I'm used to the style of Weezer's earlier albums, Blue and Pinkerton. Lighter rock, different lyrics, cleaner sound. But the heavier sound found here actually works for the band, giving Rivers edgier vocals, more gritty and complex solos, and letting Pat rock out on the drums harder. It doesn't take away from anything, it's an album that lets them have some fun with the work.

Lyrics — 9
I love Rivers as a singer, and he doesn't do anything he shouldn't be doing with the vocal range in this album. While the lyrics sharply contrast that of their earlier work, a common factor found in those songs is still around in some of these songs: love.
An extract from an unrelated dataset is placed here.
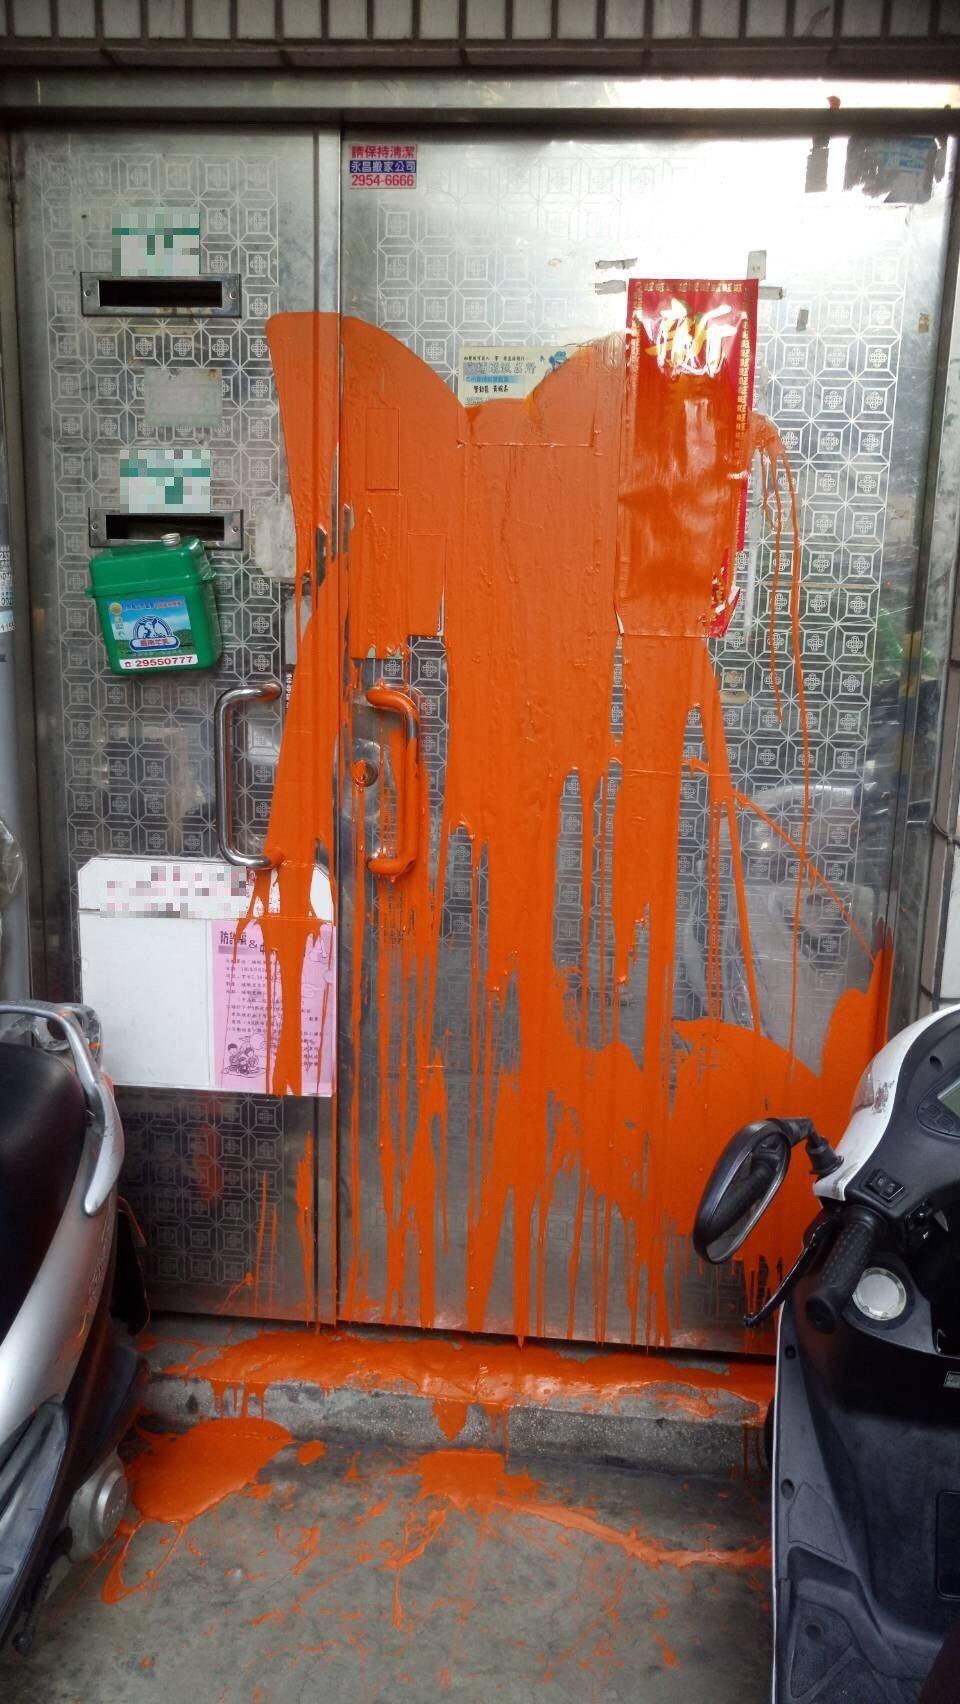 呂嫌雇人去前女友的親屬家門潑漆搞破壞。 記者林昭彰/翻攝

Compared to the later "Make Believe" (which has songs of varying themes, from drugs [We Are All On Drugs] to following dreams [Beverly Hills] to dealing with personal issues [Peace]), "Maladroit's" lyrics tend to relate to love, much like earlier Weezer hits "Island in the Sun," "El Scorcho," "Pink Triangle," and "No One Else," however in a much more figurative way. In some ways, the lyrics lose a bit of that Weezer feel but overall, they show that the band had matured, and Rivers' vocals sound incredible.

Overall Impression — 10
"Maladroit," while a heavier sound that was more common around the time, is still unique in its own way. It was something completely unexpected to me from a band that had a teenage feel earlier on. Definitely give "Dope Nose" a listen, it is well worth the short 2 1/2 minutes. The guitar solos are edgier, the riffs are still alive and give songs that certain boost that they need, and the band keeps up the use of backup "hoo woah" vocals, to remind us that Weezer will always be Weezer.